Paloma Valencia, candidata de la derecha en las elecciones presidenciales de Colombia, sorprendió al elegir a Juan Daniel Oviedo como su fórmula vicepresidencial, buscando atraer el voto de centro para fortalecer su campaña. Sin embargo, esta alianza ha generado un terremoto político debido a las marcadas diferencias ideológicas entre ambos.
Mientras Valencia es una conservadora firme, opuesta al acuerdo de paz de 2016 y defensora de la familia tradicional, Oviedo es abiertamente gay, apoya las familias diversas y defiende el tratado de paz con las FARC. Estas posturas contrastantes han generado rechazo y cuestionamientos dentro del Centro Democrático, el partido uribista.
Reacciones internas y críticas en el uribismo
La senadora María Fernanda Cabal ha sido una de las críticas más duras, señalando que la elección de Oviedo ha tenido un costo político y que su base electoral uribista debería sentirse priorizada. Otros miembros del partido, como Josías Fiesco y Daniel Briceño, aunque sorprendidos, mantienen su respaldo a Valencia, reconociendo diferencias pero también coincidencias con Oviedo.
Fernando Londoño, exministro y militante del Centro Democrático, expresó su rechazo explícito a Oviedo como vicepresidente, citando sus posturas sobre el aborto y la marihuana como motivos para no apoyarlo.
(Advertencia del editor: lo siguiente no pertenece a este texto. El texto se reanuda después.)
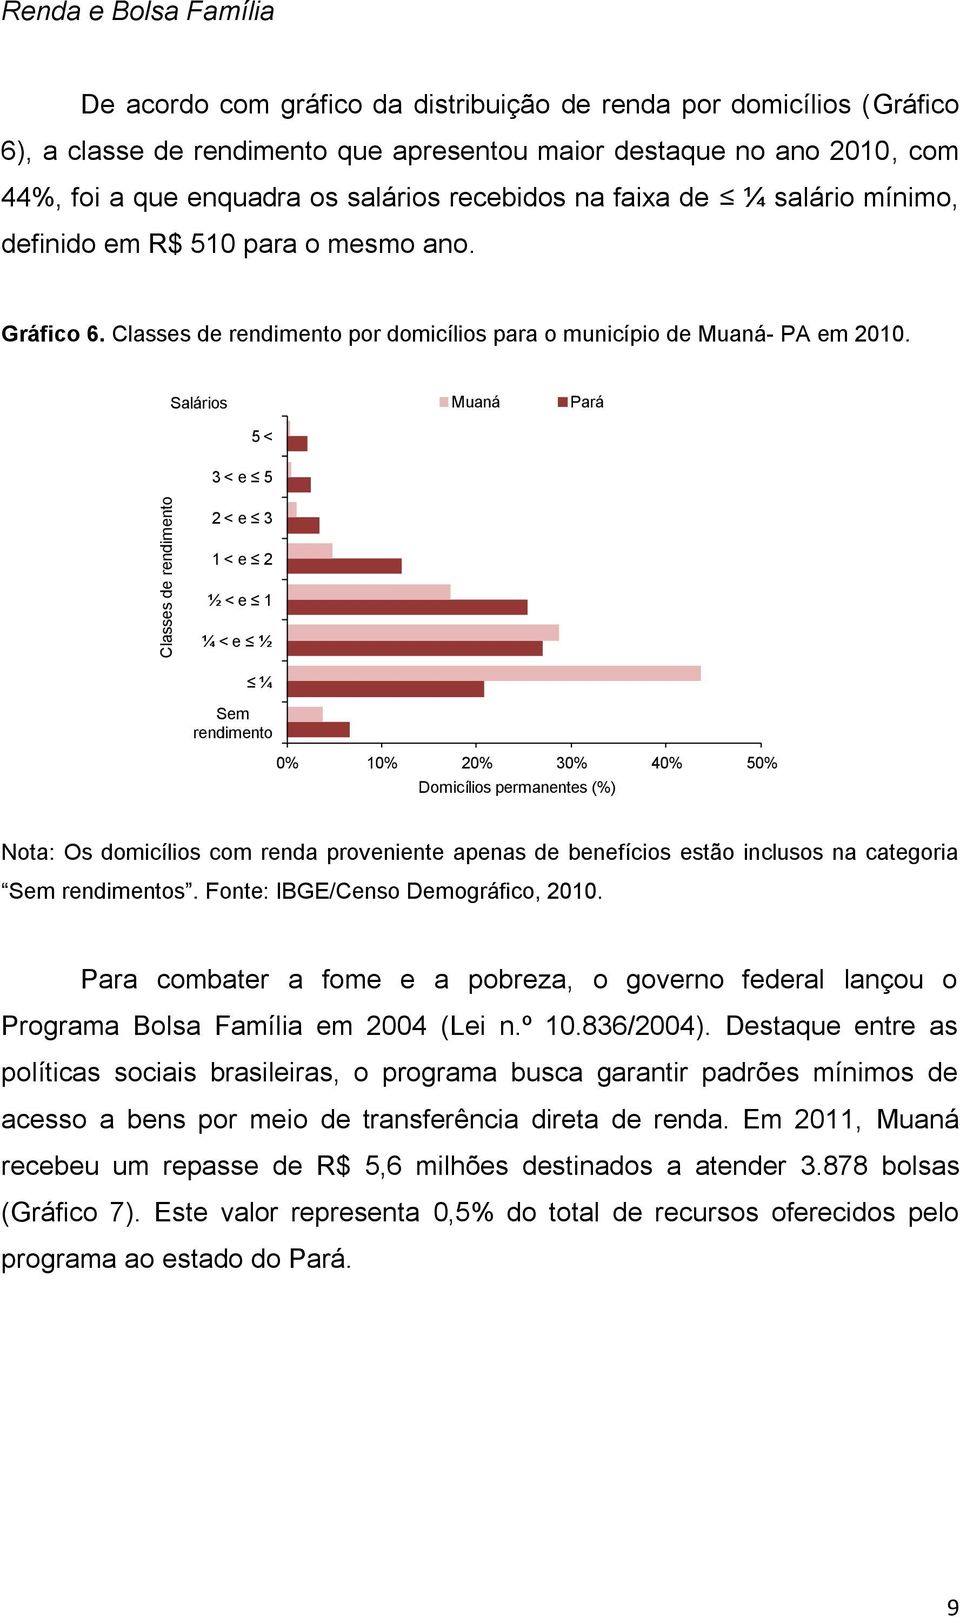 Salários Muaná Pará 5 < 3 < e 5 2 < e 3 1 < e 2 ½ < e 1 ¼ < e ½ ¼ Sem rendimento % 1% 2% 3% 4% 5% Domicílios permanentes (%) Nota: Os domicílios com renda proveniente apenas de benefícios estão

Las discrepancias entre Valencia y Oviedo se han manifestado públicamente en temas como la justicia transicional, adopción por parejas del mismo sexo y legalización de la marihuana, aunque la candidata ha asegurado respetar las sentencias constitucionales que resuelven estos asuntos.
El respaldo de Álvaro Uribe y la apertura política
El expresidente Álvaro Uribe Vélez refrendó la unión entre Valencia y Oviedo, destacando la necesidad de adaptarse a los nuevos tiempos y respetar las diferencias dentro del partido. Esta postura representa un giro respecto a la tradicional rigidez ideológica del uribismo, que históricamente ha mantenido una posición antagónica frente a sectores políticos diferentes.
Sin embargo, en el interior del partido persisten inquietudes sobre las condiciones impuestas por Oviedo para aceptar la candidatura, y algunos congresistas insisten en que ciertos valores fundamentales del uribismo no deben ser negociados.
Oportunidades para los contrincantes y la polarización política
La polémica alianza ha sido aprovechada por adversarios de Valencia, como el ultraderechista Abelardo de la Espriella y su partido Salvación Nacional, que critican la supuesta progresividad y tibieza de esta nueva derecha y buscan atraer al electorado conservador tradicional.
Por otro lado, sectores del centro político, representados por figuras como Claudia López, han señalado que la alianza no modificará la agenda antiderechos del uribismo, poniendo en duda el cambio real de postura de Oviedo.
A pesar de las presiones y críticas, Valencia y Oviedo se mantienen firmes en su decisión de ir juntos en la carrera presidencial, argumentando que sus diferencias fortalecen su propuesta y buscan ampliar su base electoral en un escenario cada vez más polarizado.